◆ **What to do**: The answer consists only of the lines from the beginning of the listing below to the line holding "Met kerst gezellig", inclusive, with every picture removed.

◆ **Material provided**:
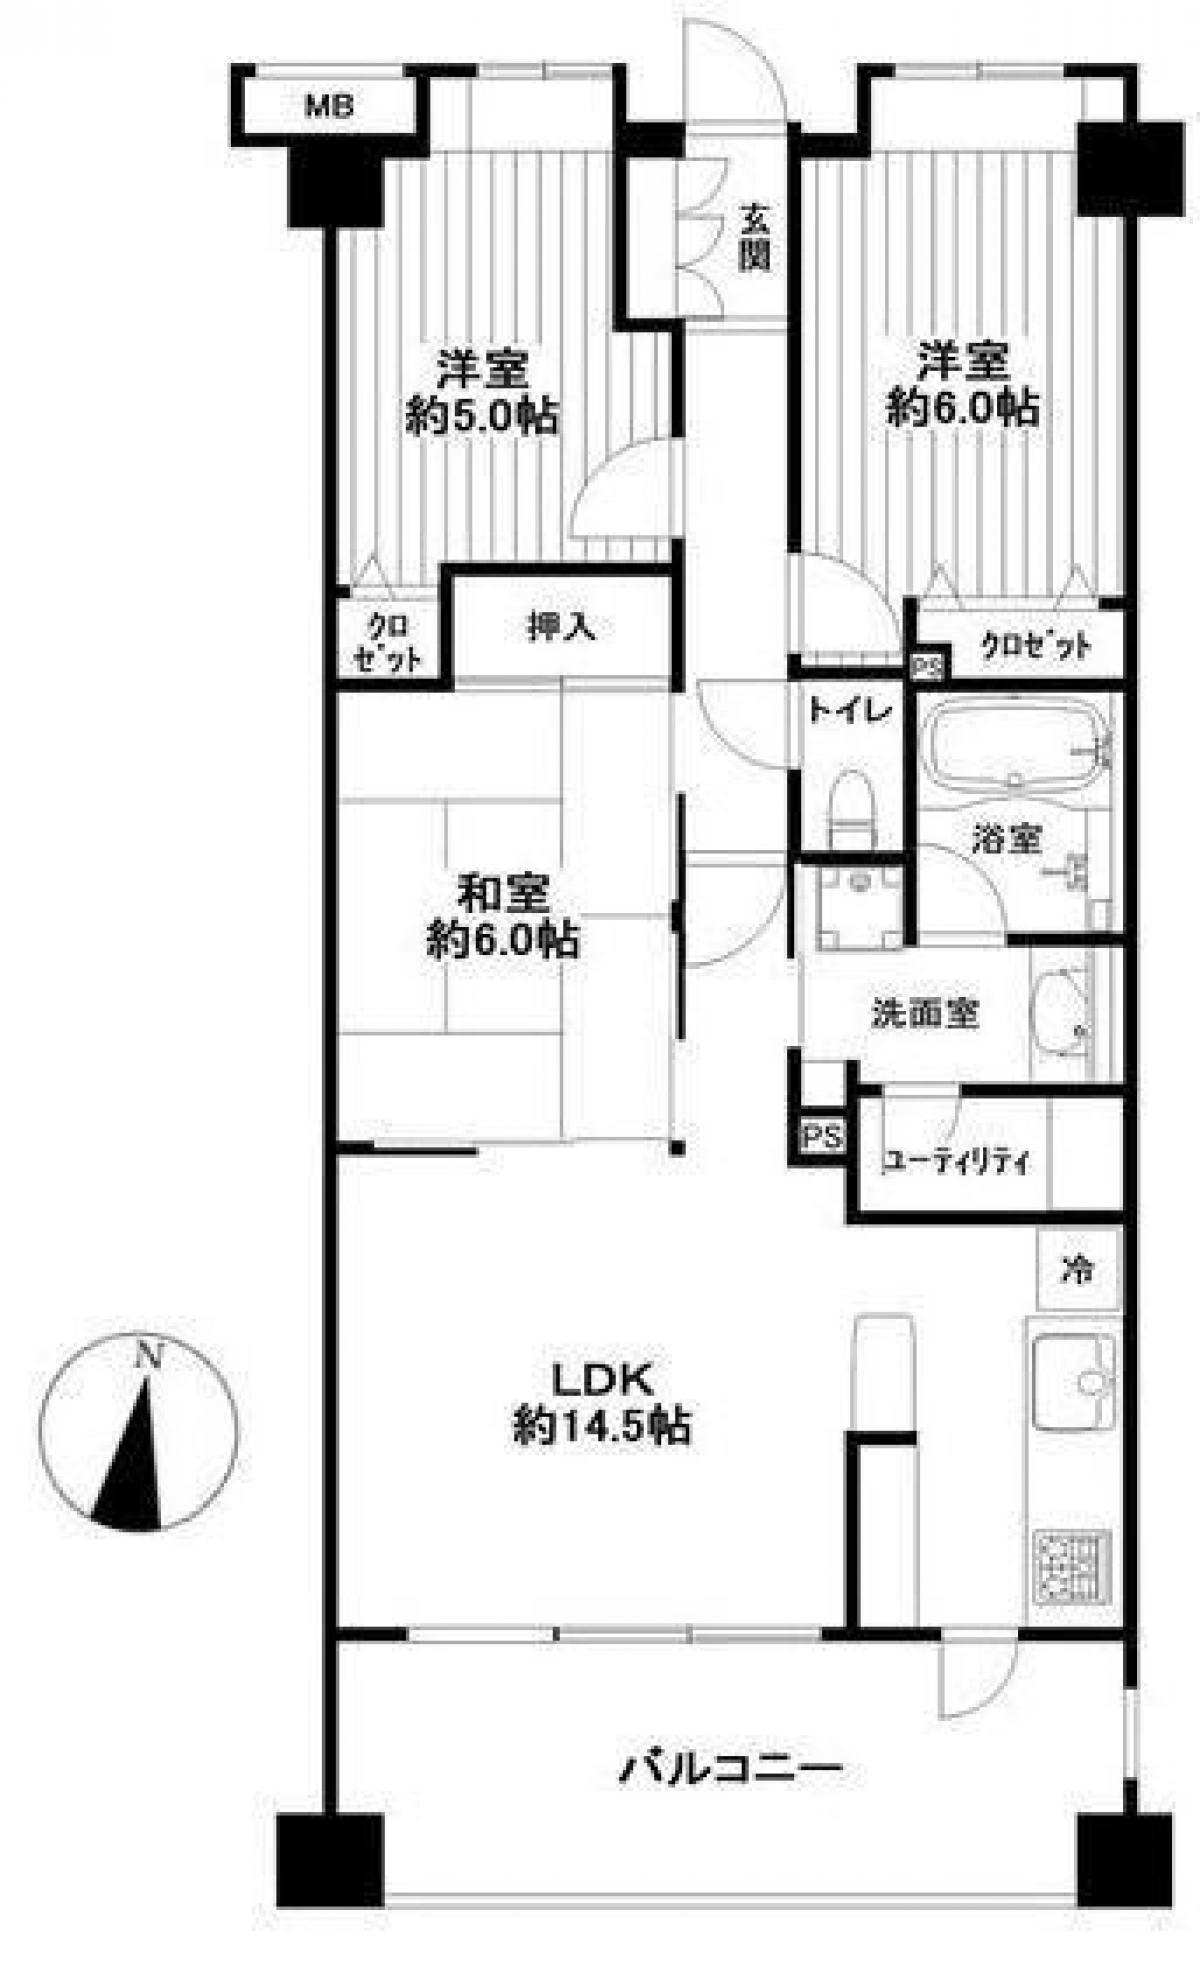 Picture of Apartment For Sale in Kumagaya Shi, Saitama, Japan
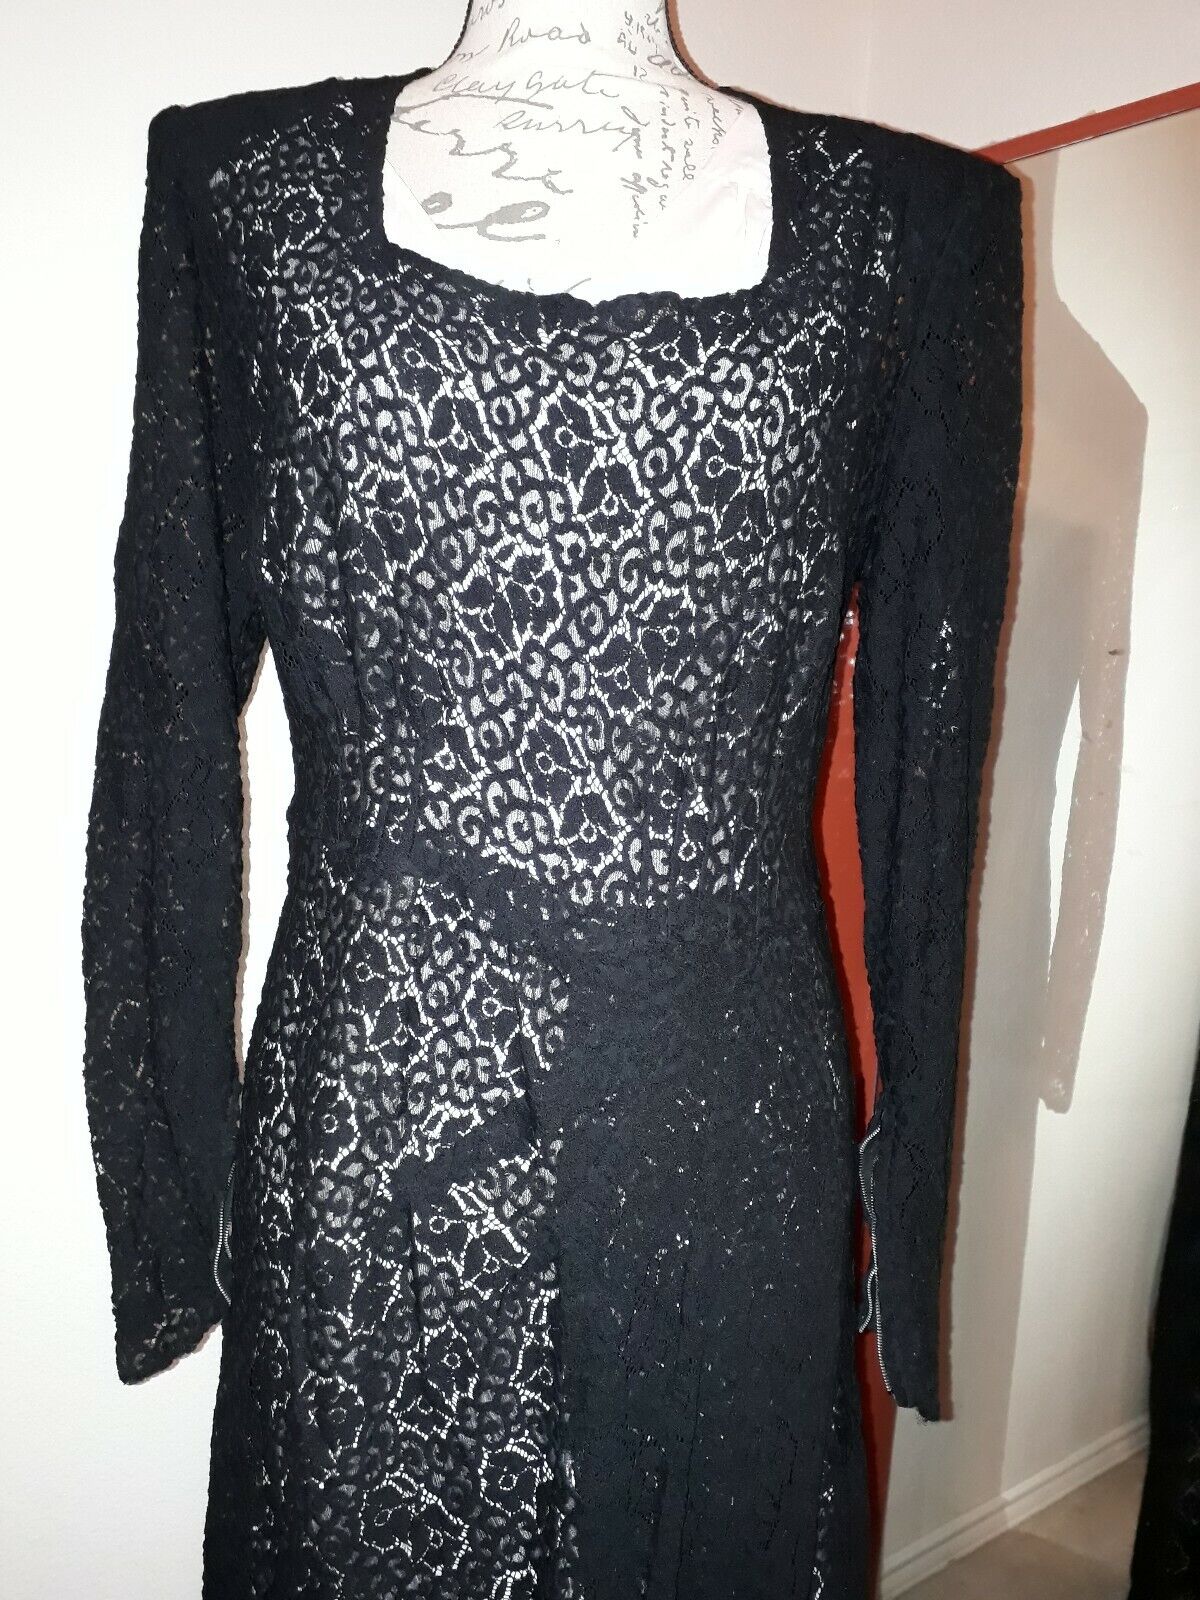 Vintage 1930s? 40s? Evening Gown Black Lace Dress… - image 1
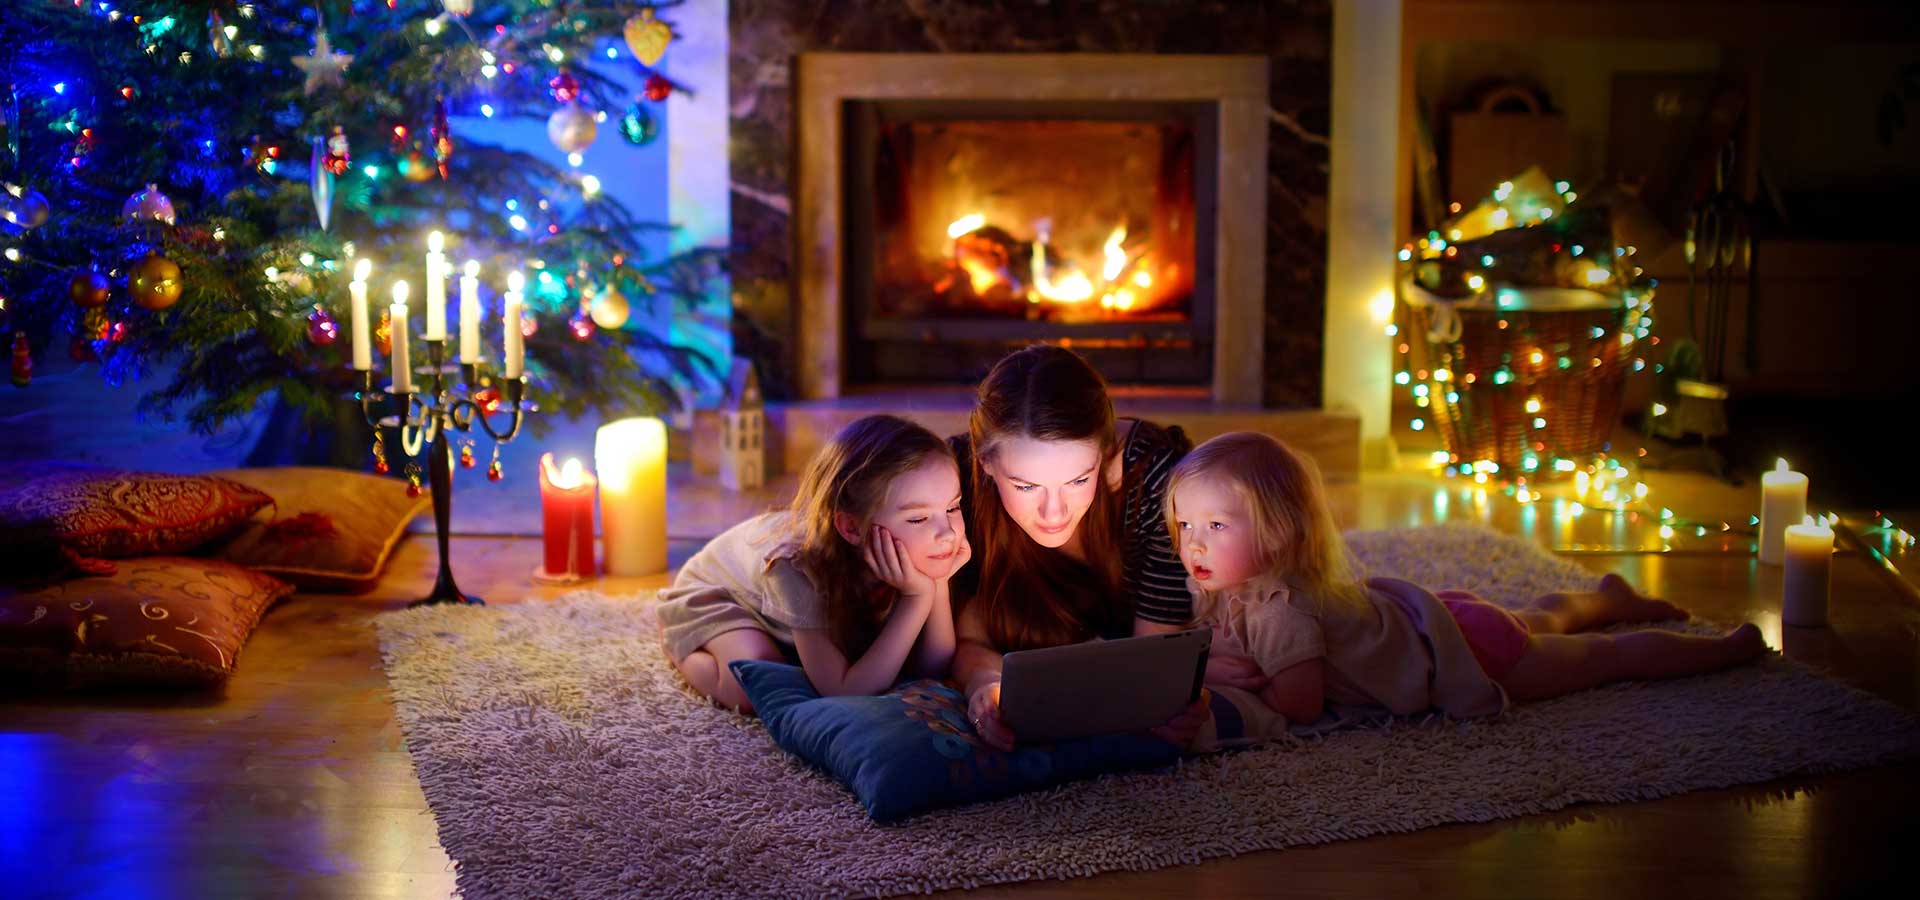 Met kerst gezellig samen een film kijken is traditie bij veel families
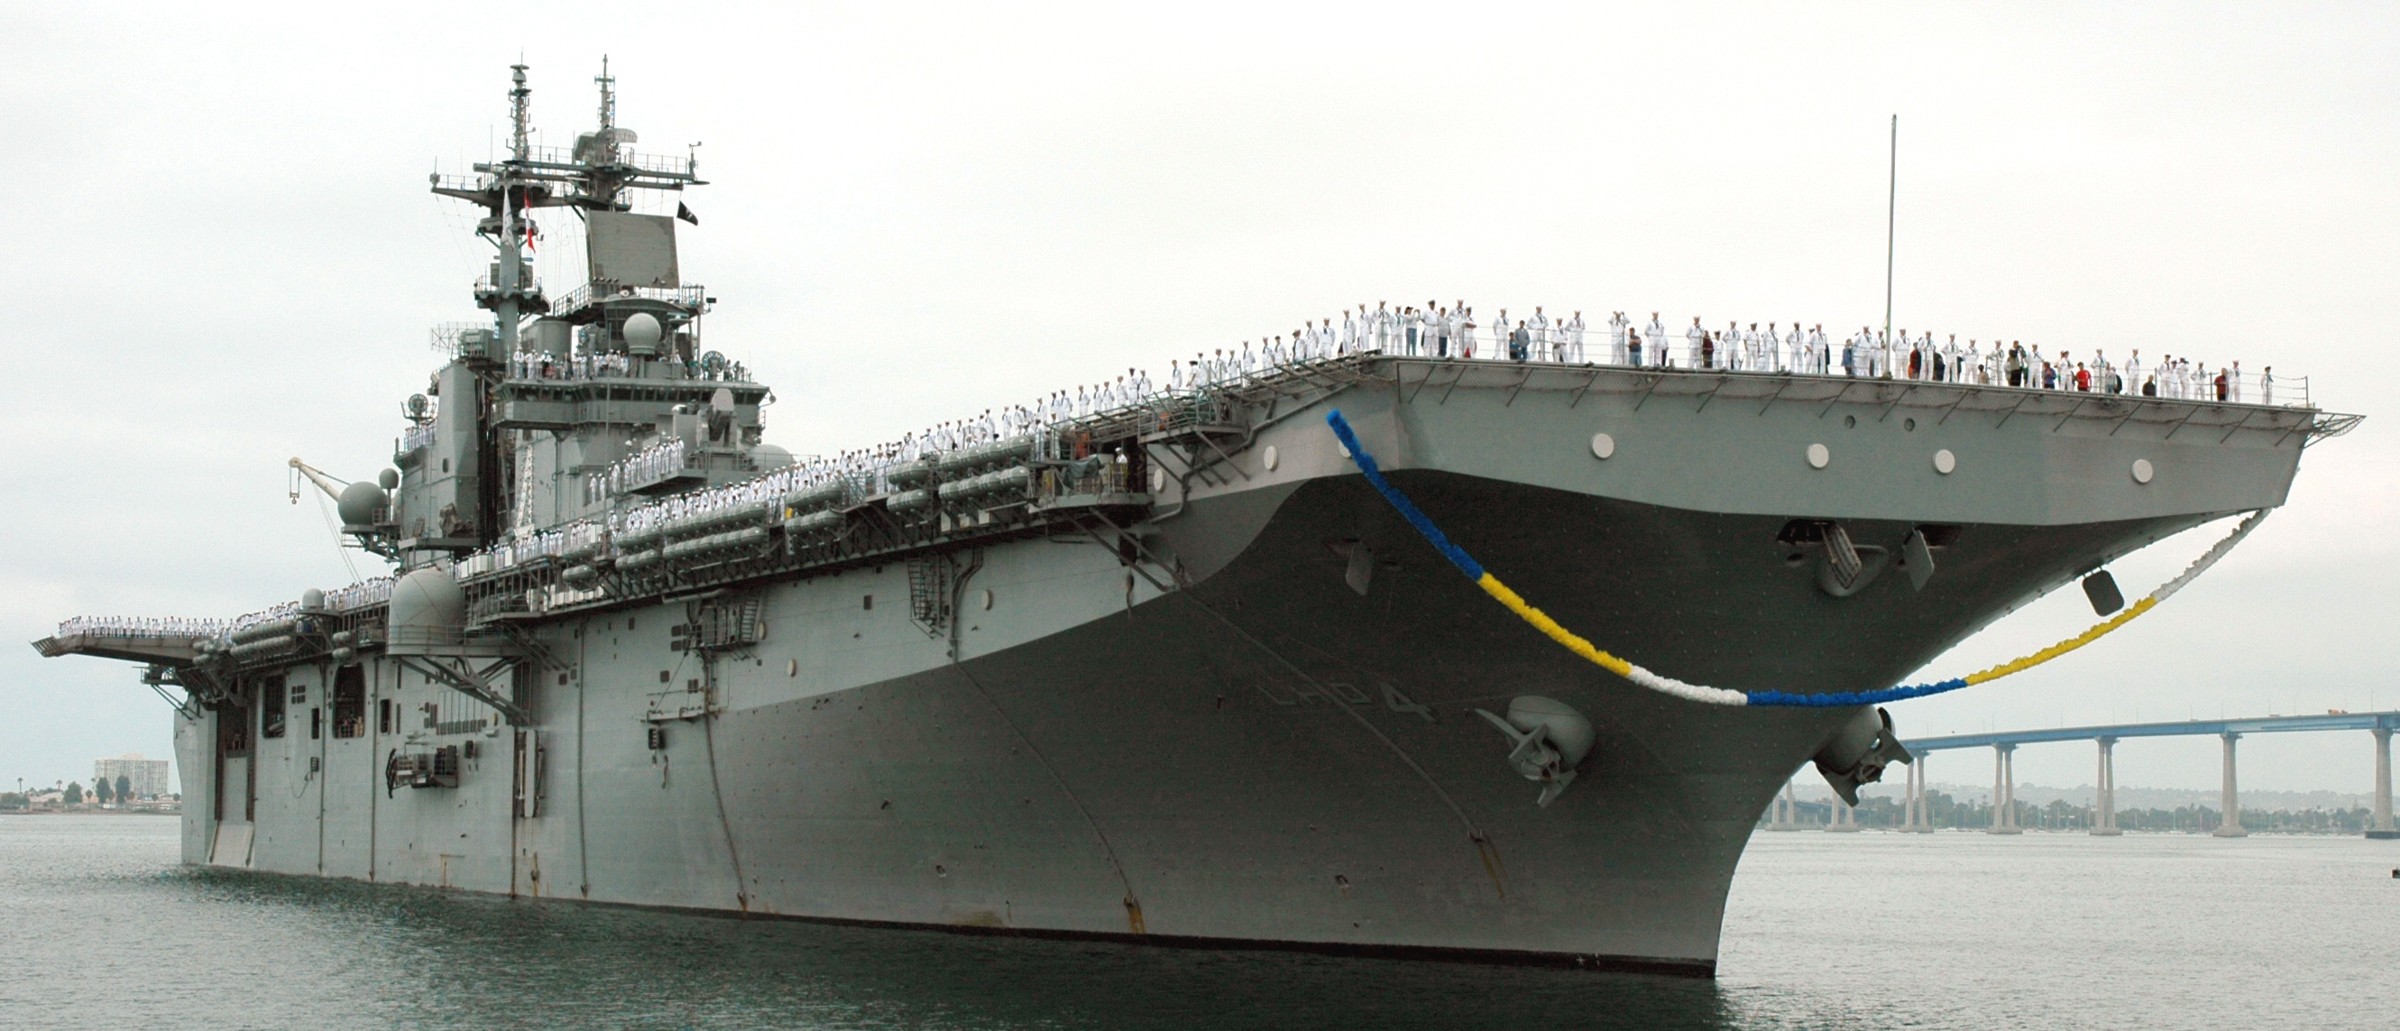 lhd-4 uss boxer wasp class amphibious assault ship dock landing us navy san diego 24

◆ **Answer space**:
 Picture of Apartment For Sale in Kumagaya Shi, Saitama, Japan
 Vintage 1930s? 40s? Evening Gown Black Lace Dress… - image 1
 Met kerst gezellig samen een film kijken is traditie bij veel families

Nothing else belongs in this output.